• Biofilm
• protesi ortopediche
• CBR
• DFR

L’infezione protesica rappresenta la terza causa di fallimento dell’impianto protesico nell’intervento primario ed è la prima causa nella chirurgia di revisione entro i primi cinque anni. Nonostante i progressi diagnostici raggiunti negli ultimi anni, la percentuale di infezione protesica è sottostimata, perché rimangono ancora incertezze sul criterio diagnostico. Le infezioni del sito chirurgico rappresentano una potenziale complicanza nella chirurgia ortopedica protesica, con un’incidenza che varia da 0,5% al 3% per i primi impianti di protesi totale d’anca e protesi totale di ginocchio, arrivando fino al 20% in caso di revisioni.

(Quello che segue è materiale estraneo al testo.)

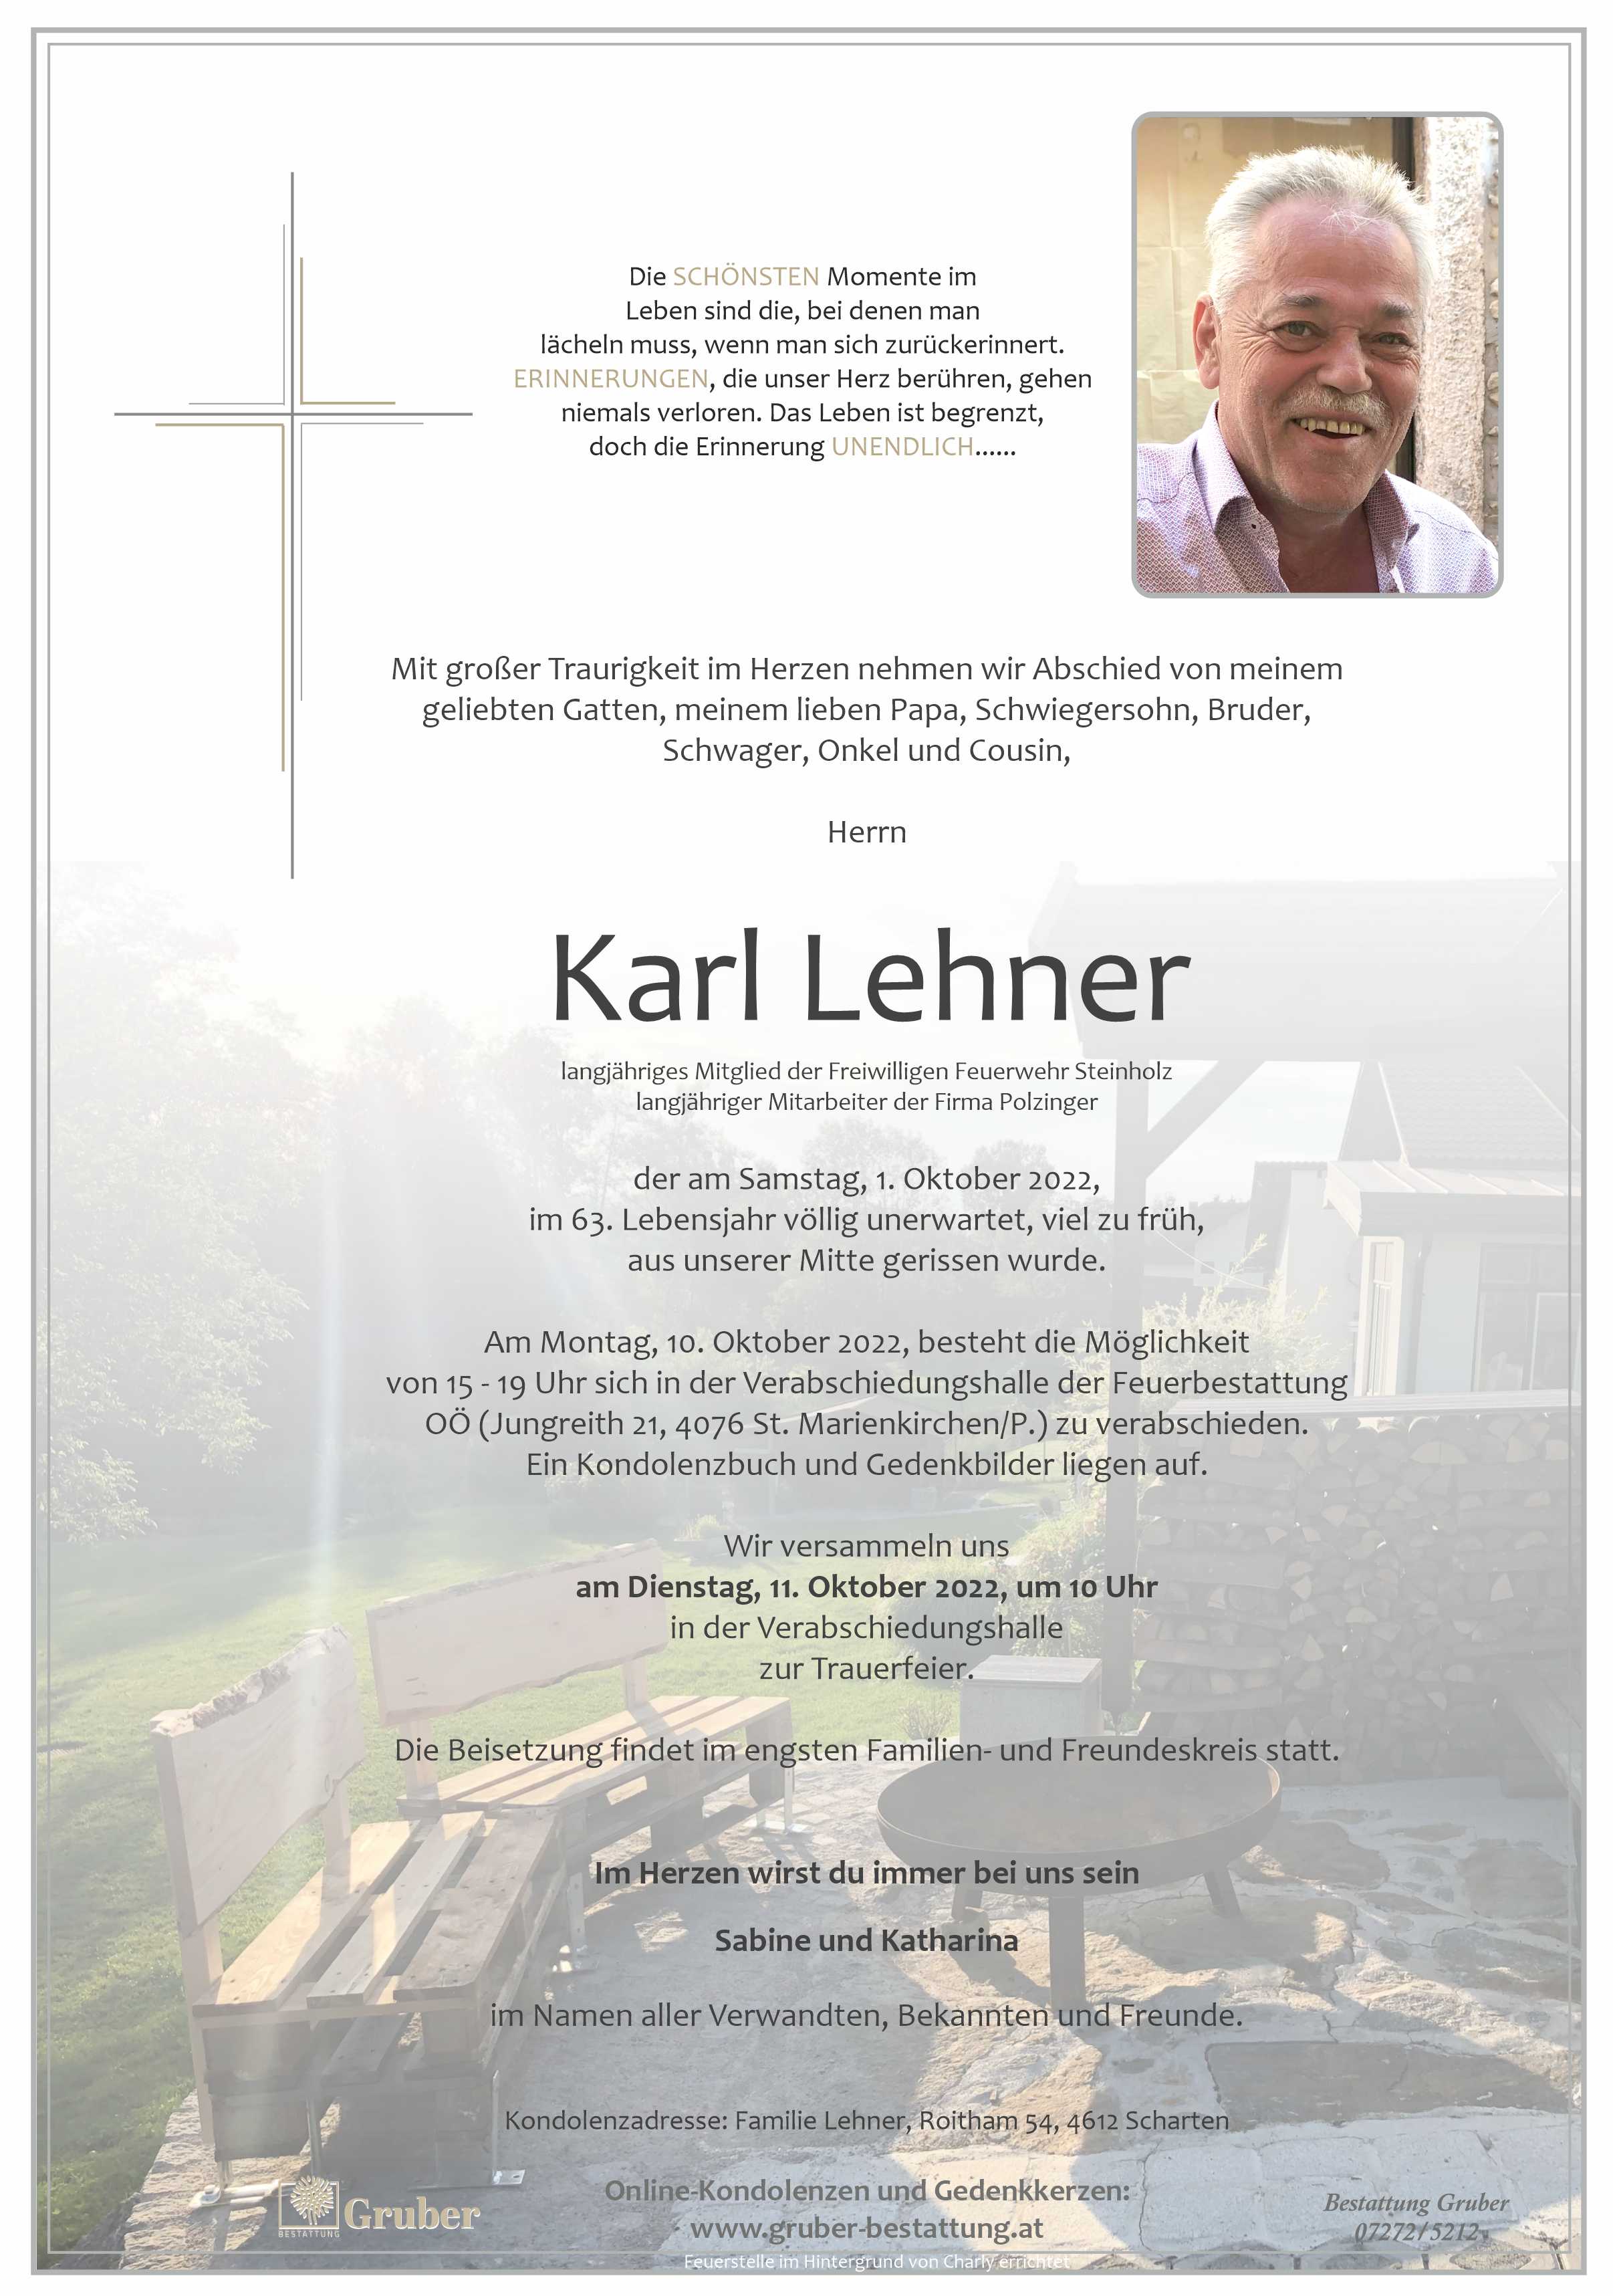 Karl Lehner (Scharten)

Il presente lavoro di tesi è stato condotto nell’ambito del Progetto di Ricerca d’Ateneo, PRA 2017_18 con l’obiettivo di sviluppare approcci innovativi di prevenzione, diagnosi e trattamento delle infezioni da biofilm associate all’uso di dispositivi medici. A tale scopo, sono stati messi a confronto modelli di studio del biofilm microbico in vitro, utilizzando sistemi statici e dinamici; in particolare in quest’ultimo caso sono stati allestiti bioreattori, quali il CDC Biofilm Reactor (CBR) e il Drip Flow Biofilm Reactor (DFR). Al fine di effettuare uno studio comparativo; all’interno dei bioreattori sono stati alloggiati supporti costituiti da differenti materiali ortopedici, nano-strutturati e nano-rivestiti. Il biofilm sviluppato su tali supporti è stato sottoposto a moderate e ad alte forze di taglio, per valutare la capacità delle specie microbiche di aderire in differenti condizioni dinamiche. I materiali indagati sono stati scelti tra quelli impiegati nella produzione di protesi articolari: il policarbonato, il titanio (Ti6Al4V), l’acciaio steeless-316, il carbonio, il carbonio-peek, il cobalto-cromo, il titanio rivestito di nano-particelle d’argento e cobalto-cromo rivestito di nano-particelle d’argento. Sono state utilizzate diverse specie batteriche, nello specifico Staphylococcus epidermidis ATCC 35984, che esprime i geni icaA e icaD codificanti l’adesina PIA polysaccharide-intercellular-adhesin, e Pseudomonas aeruginosa, ATCC 700888.
I bioreattori sono stati allestiti secondo lo Standard Operation Protocol definito dal produttore. Sospensioni dei ceppi in fase stazionaria (1 x 108 UFC/mL) cresciute in 30 g/L Trypticase Soy Broth (Oxoid, UK) 37°C, 18h, sono state utilizzate per la fase di inoculo del bioreattore e adesione della specie indagata (18h). Successivamente, il bioreattore è stato perfuso in continuo con Trypticase Soy Broth (Oxoid, UK) e mantenuto a 37°C, sottoponendo i supporti a differenti forze di taglio: forza rotazionale di 80-120 r.p.m. per il CBR e la forza gravitazionale per il DFR. Dopo 48h, il biofilm sviluppatosi sui coupons è stato prelevato ed analizzato. La vitalità cellulare è stata determinata quantitativamente attraverso due metodiche: il saggio colorimetrico MTT (3-(4,5-dimethylthiazol-2-
yl)-2,5-diphenyltetrazolium bromide, Sigma, USA) e la determinazione delle cellule vitali su cm2 (UFC/cm2). Il saggio MTT si basa su di una reazione colorimetrica dovuta alla riduzione del MTT da parte delle cellule vitali, con la formazione di un prodotto solido colorato, che viene reso solubile da un solvente appropriato (DMSO, Dimetilsulfossido, Sigma, USA) e quantificato spettrofotometricamente (570 nm). La seconda metodica di valutazione segue il protocollo standardizzato ASTM E2647 – 13, che prevede l’omogenizzazione del biofilm estratto per raschiamento e la semina di diverse diluizioni dello stesso campione, in duplicato, in terreni agarizzati.
Lo studio di nuovi materiali capaci di inibire l’adesione microbica ha permesso di ottenere informazioni utili per le applicazioni industriali, identificando le proprietà intrinseche dei materiali che costituiscono i dispositivi medici, al fine di prevenire le infezioni biofilm-correlate.